27.4.09

Diario de sitio

He tenido que posponer reuniones y hasta un viaje fuera de la ciudad. Parece que estamos a punto de entrar en estado de emergencia.

Recibo llamadas y correos y mensajes preguntando mi estado de salud y las medidas que he de tomar. No había pensado que pudiera ser tan grave. Una Médico llega a la oficina con una mascarilla 3m muy sofisticada. Habla de muertos, enfermos y repite con cuidado las palabras: ‘emergencia’, ‘grave’, ‘peligro’. Muchas veces. Todos nos miramos desconcertados. Hay quien, incluso, comienza a disparar preguntas absurdas; otros tocan su frente. Comienza el desorden.

Regreso a mi oficina mientras otros han decidido irse a casa. Alguien viene y me pregunta si no estoy preocupado. No lo sé, admito.

La familia llama, alarmada, pidiendo que salga de inmediato de la ciudad. Para ello tendría que subir al metro, ir al departamento, regresar en el mismo y tomar un autobús lleno. La ecuación no funciona. El tiempo de exposición sería mayor que simplemente irme a casa y poner el cerrojo. Y el cerrojo no sirve. Y nos sitiamos.

Las salidas del departamento están calculadas: Viernes: cigarros e ingredientes para la cena. Sábado: Súper, mascarillas y medicamentos de previsión. Todos los días: tres salidas a que capicúa orine y cague. Así.

Capicúa estornuda desde hace varios días. Dicen que los perros se esconden cuando están enfermos. Ella lleva una semana metiéndose en un rincón del closet.

En la calle hoy poca gente y, más o menos, la mitad lleva puesta todo el tiempo sus mascarillas (azules y blancas). Hay desabasto en las farmacias. Conseguimos algunas en una ferretería. Son blancas, de pintor y de minero, me dice el tipo que atiende el lugar. Compro tres.

EL veterinario piensa que son pólipos o alguna clase de alergia. Le receta antibiótico y antiestamínico. C no termina de aliviar sus dudas.

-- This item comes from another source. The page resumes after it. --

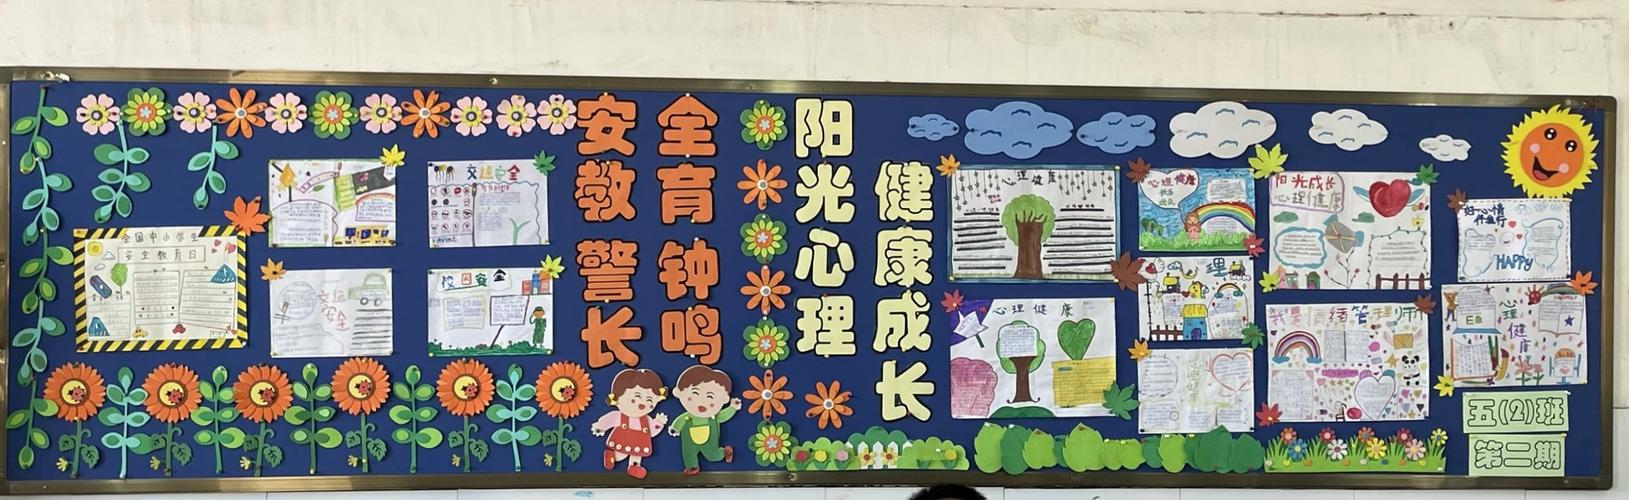 阳光心理 健康成长武汉市张家铺学校开展黑板报评比活动

La mascarilla genera un volumen parecido al del pico de un pájaro de obra teatral. Un filo de aluminio hace presión en mi tabique. La mascarilla, si sigue en mi rostro, terminará por dejarme chato. Mi imagen da risa. Las demás mascarillas en el súper son azules.

El sitio en el departamento está provisto de un eficiente monitoreo de radio, televisión e internet. Twitter ha sido hasta ahora la herramienta más eficiente y rápida. El desconcierto inunda los diarios en todo el mundo. NY, Madrid, Paris. Todos con probables casos de influenza. México anuncia decenas de muertos. Sólo 20 han sido confirmados como influenza porcina.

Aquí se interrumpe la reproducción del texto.